Un barco casi les atropella en medio del océano – Lo que encontraron a bordo les hizo actuar de inmediato

«¡Cuchillo!» Andrew gritó. Jack reaccionó al instante. Con una mano agarró el brazo del hombre y con la otra buscó a tientas la hoja. La cuerda se tensó de nuevo. El cuerpo del hombre se sacudió violentamente. Su cabeza se sumergió y el agua se cerró sobre él. «¡Sujétenlo!» Andrew gritó. Jack apretó su agarre. «¡Lo tengo!» La línea tiró de nuevo. Más fuerte esta vez.

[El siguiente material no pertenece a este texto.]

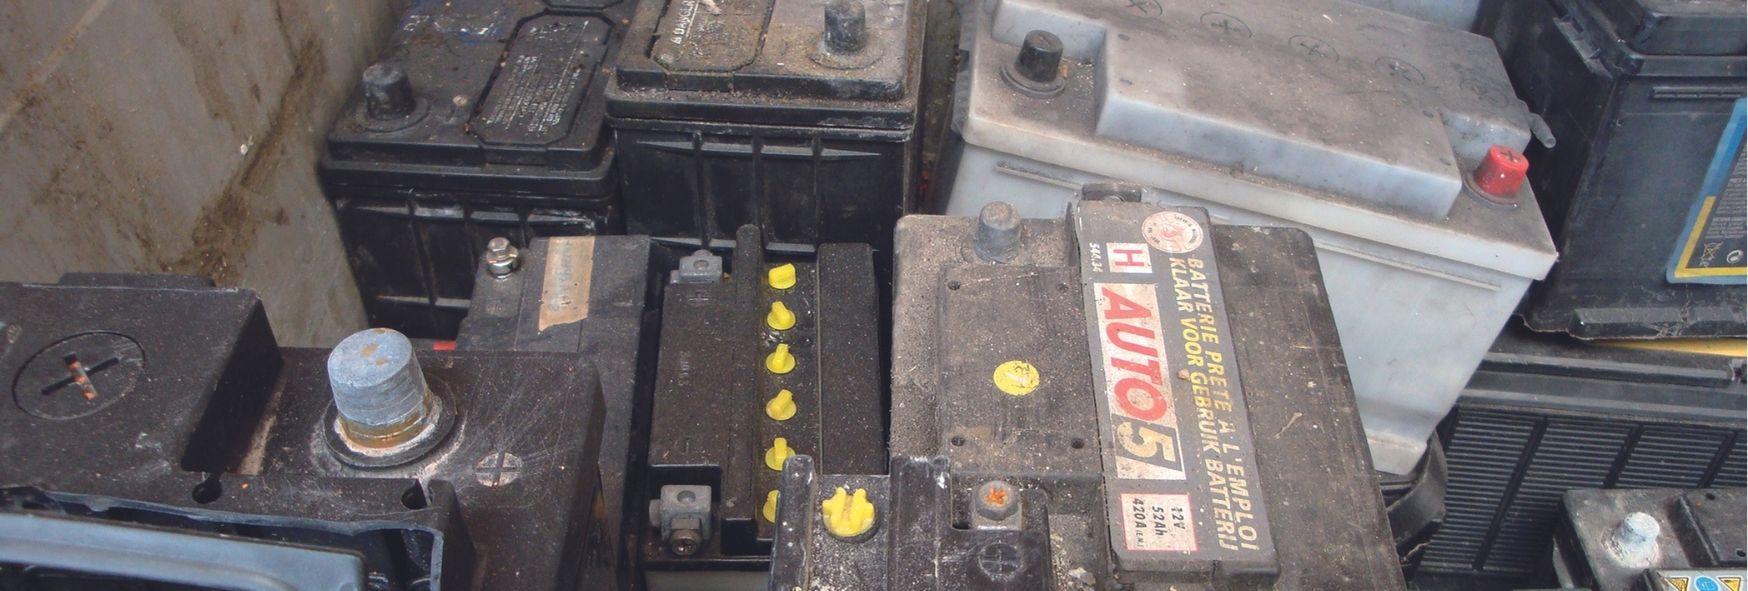 Autobatterijen
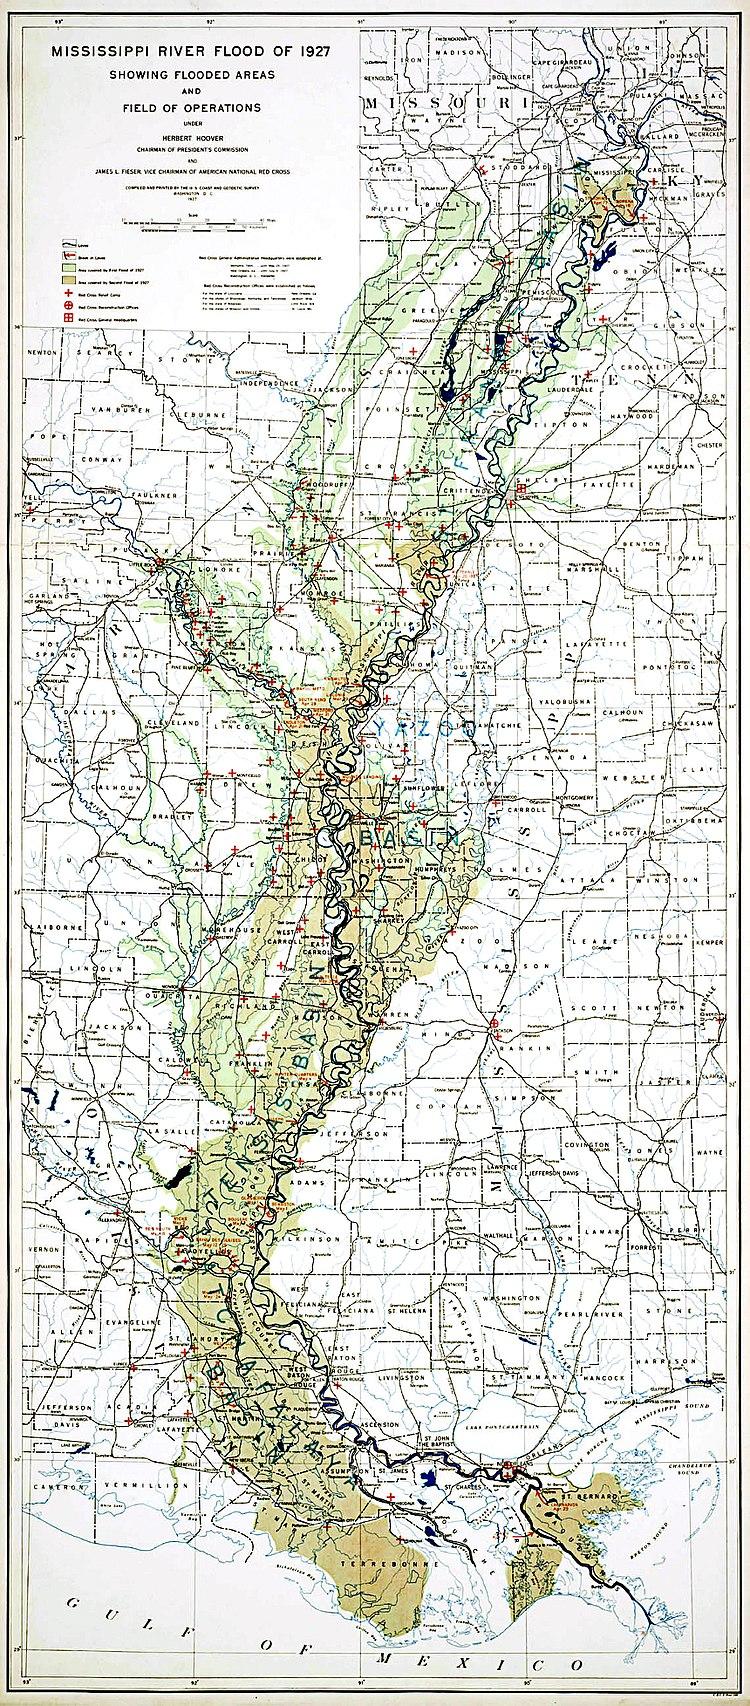 MIssissippi River Flood of 1927

Como si algo en el otro extremo no quisiera soltarlo. Jack lo vio claramente ahora, envuelto profundamente alrededor del tobillo del hombre. Cortando su piel. Tensión zumbando a través de él. Vivo. «¡Rápido!» Andrew ladró. Jack se inclinó hacia abajo, la hoja presionada contra la línea, su mano temblando por la tensión. Con un movimiento limpio, cortó. Por una fracción de segundo no pasó nada.

Luego, la tensión desapareció. El hombre se puso flácido. Peso muerto. «¡Tira!» Andrew gritó. Juntos, lo arrastraron por la borda. Se desplomó sobre la cubierta, jadeando, ahogándose, vivo. Jack se echó hacia atrás, respirando con dificultad. Andrew miró el cabo cortado que se arrastraba por el agua.


Lo que había estado tirando de él… se había ido.